Washington, D.C. (Apr. 6, 2021)—Rep. Gerald E. Connolly, Chairman of the Subcommittee on Government Operations, and Rep. Jody B. Hice, Ranking Member of the Subcommittee on Government Operations, sent a letter to President Joseph R. Biden requesting that he prioritize nominations to the Merit Systems Protection Board (MSPB).


“We write to urge you to nominate qualified board members to the Merit Systems Protection Board (MSPB), which is currently without any board members,” Connolly and Hice wrote.  “Without a quorum, the MSPB is unable to act on claims of whistleblower retaliation and is at risk of essentially having to cease its operations.”


Since January 7, 2017, the Board has lacked a quorum to perform its responsibilities and since March 1, 2019, the Board has been without a single board member. 


Because of these vacancies, the MSPB is unable to issue decisions on petitions for review from federal employees who allege that their agencies have unlawfully acted against them.  These vacancies have led to a backlog of more than 3,000 petitions from federal employees requesting review of their allegations.  

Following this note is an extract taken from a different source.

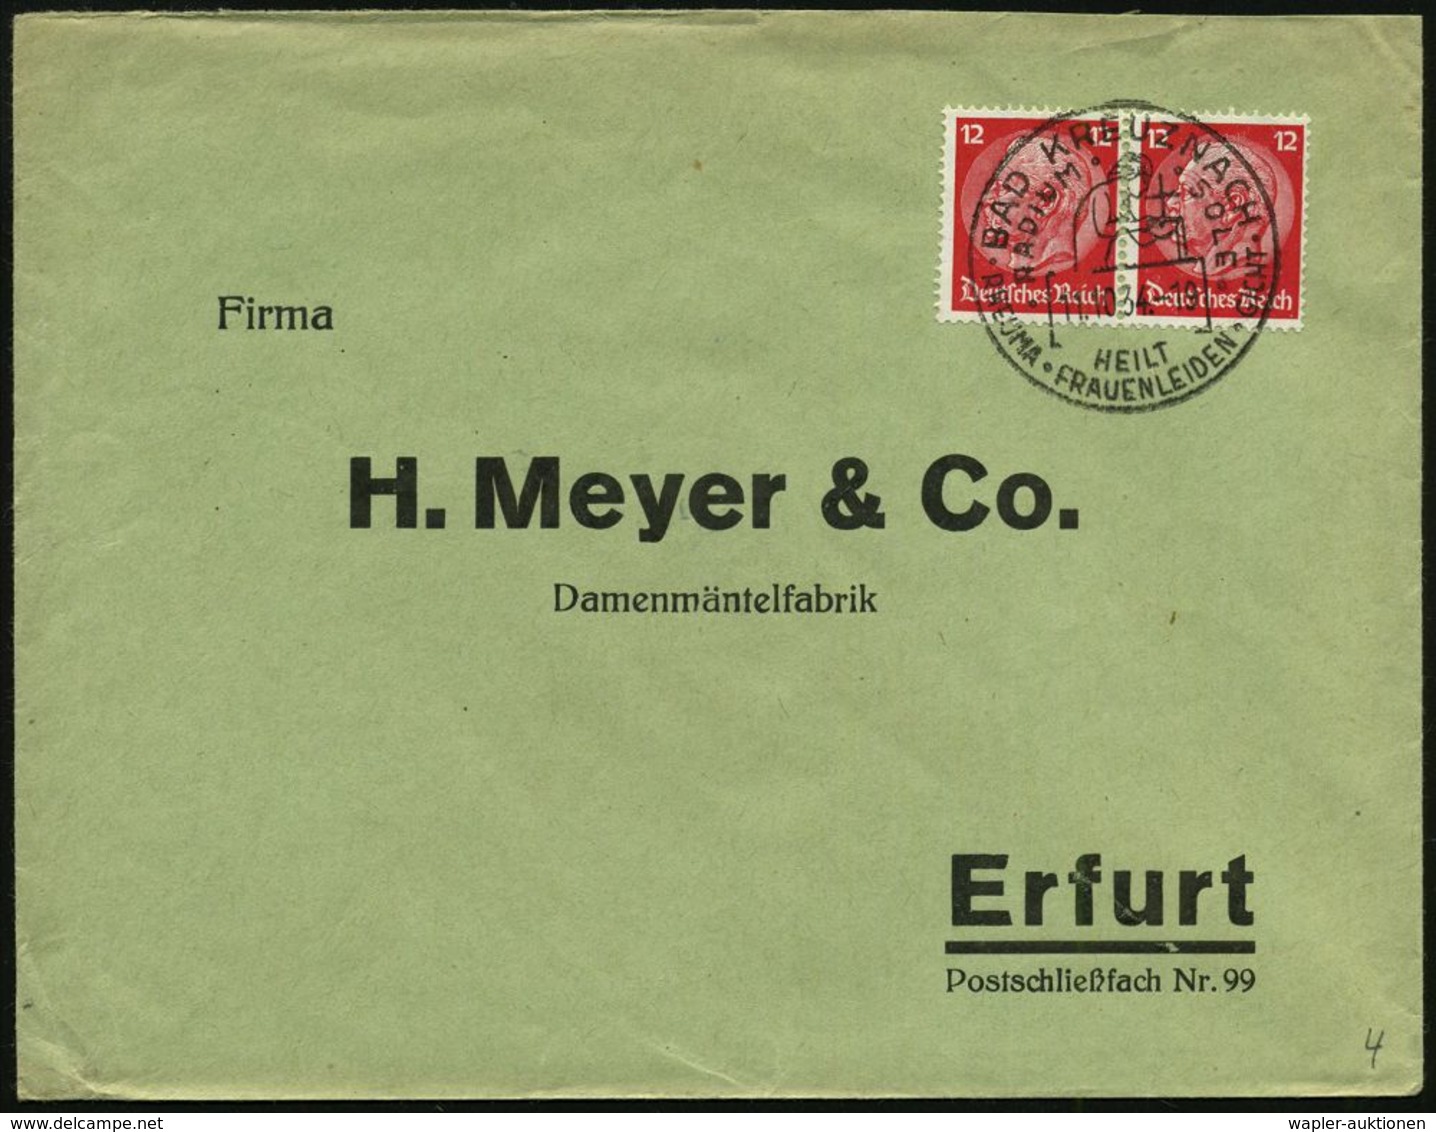 RHEUMATISMUS : BAD KREUZNACH/ RADIUM SOLE/ HEILT/ RHEUMA-FRAUENLEIDEN-GICHT 1934 (11.10.) Seltener HWSt (Frau Mit Kreuz- - Maladies

While the Board has been unable to adjudicate petitions for review, the MSPB’s roughly 60 administrative judges (AJs) have been able to continue their work issuing initial decisions on federal employee appeals to the MSPB.  But now, three cases pending in the federal court system — Coppola v. Department of Veterans Affairs, McIntosh v. Department of Defense, and Henderson v. Department of Health and Human Services— threaten to cease AJ operations entirely.

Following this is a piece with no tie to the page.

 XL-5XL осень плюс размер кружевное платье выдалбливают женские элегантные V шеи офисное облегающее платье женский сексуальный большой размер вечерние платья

In the wake of the Supreme Court’s decision in Lucia v. Securities and Exchange Commission, the courts in these three cases may determine that AJs at the MSPB are not appropriately vested with the authorities needed to perform their duties. In the event of such rulings, the MSPB would need to take action to vest the AJs with the required authority, which requires the Board to assemble a quorum – something it cannot now do.

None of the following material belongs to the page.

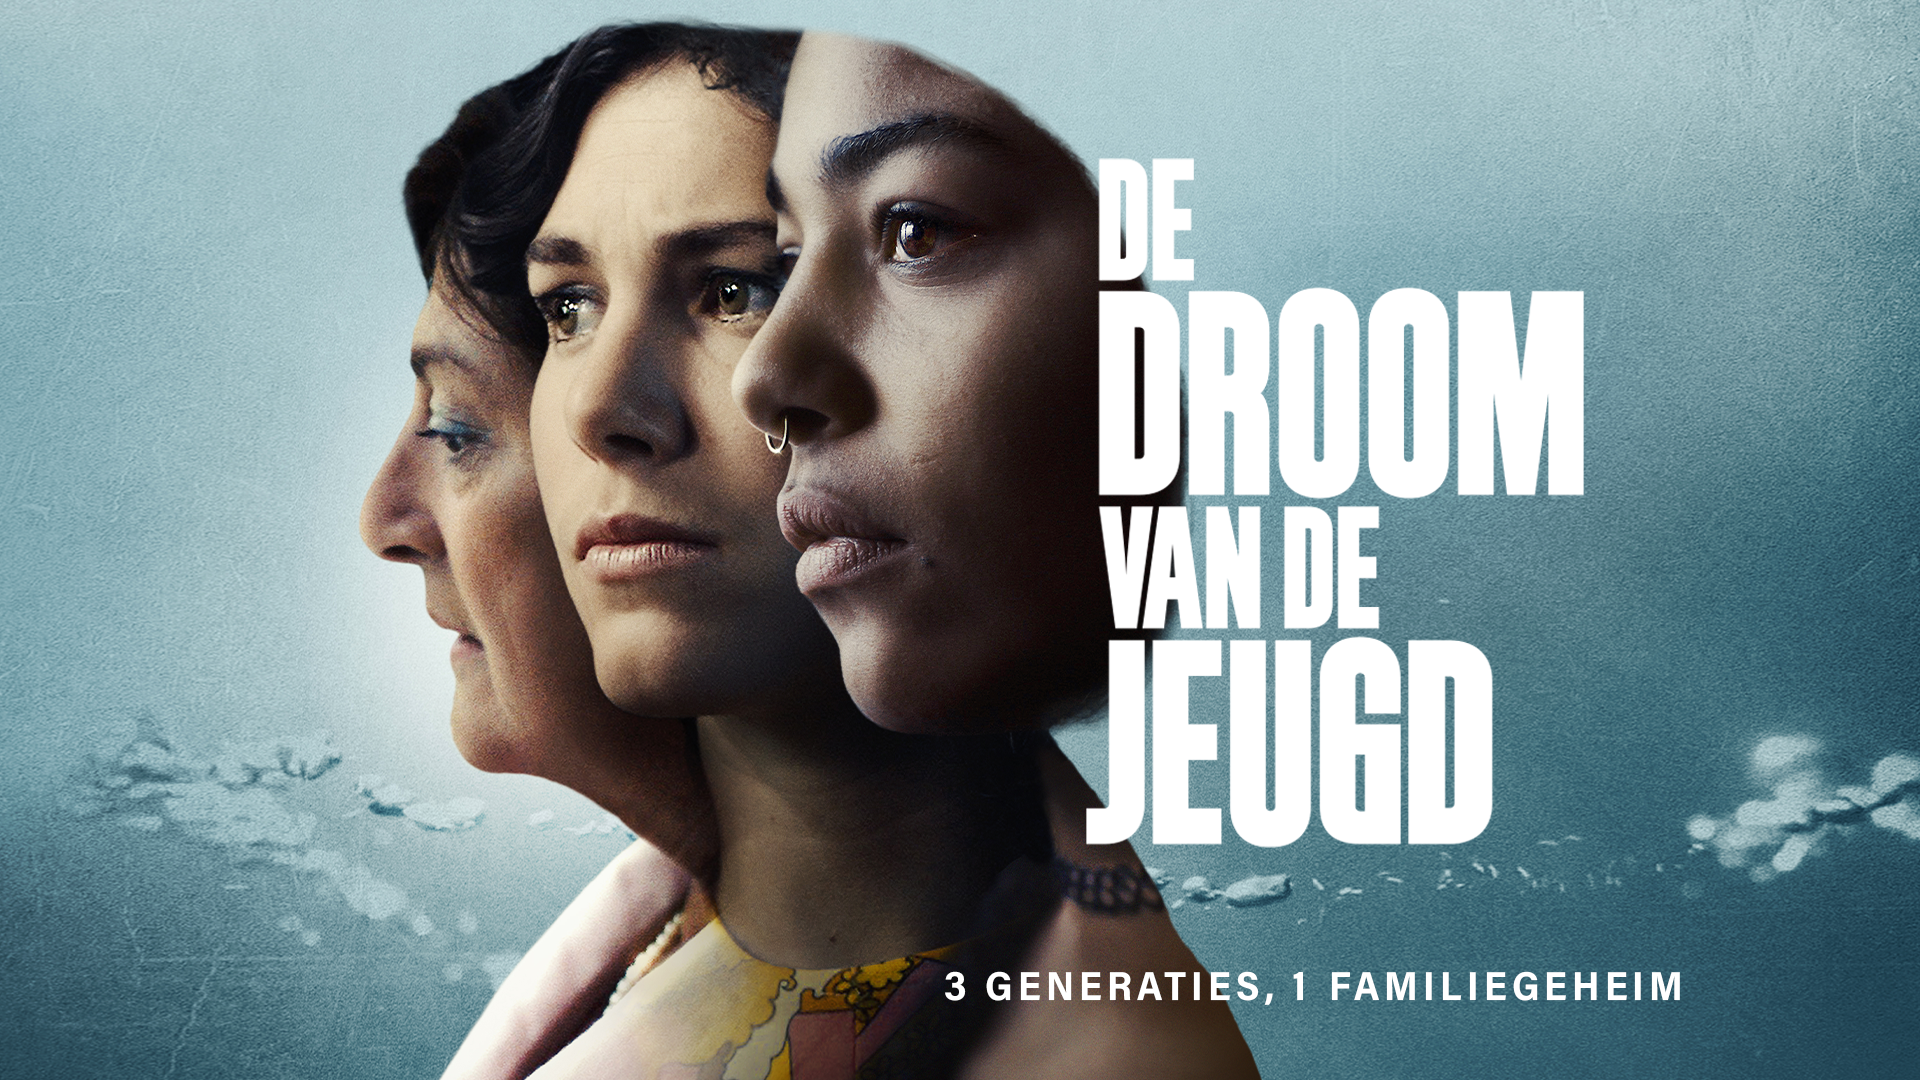 DE DROOM VAN DE JEUGD directed by Bram Schouw

“In short, if the MSPB lacks a quorum when the courts render their decisions in the cases listed above, the MSPB is at risk of having to essentially cease its operations,” Connolly and Hice concluded.  “To prevent this outcome, as Chairman and Ranking Member of the Subcommittee with jurisdiction over the MSPB, we respectfully request that you prioritize the nominations of new Board members.  Once your nominations are made, we trust that the Senate will work quickly to confirm the qualified candidates to the MSPB and restore the Board to full operations.”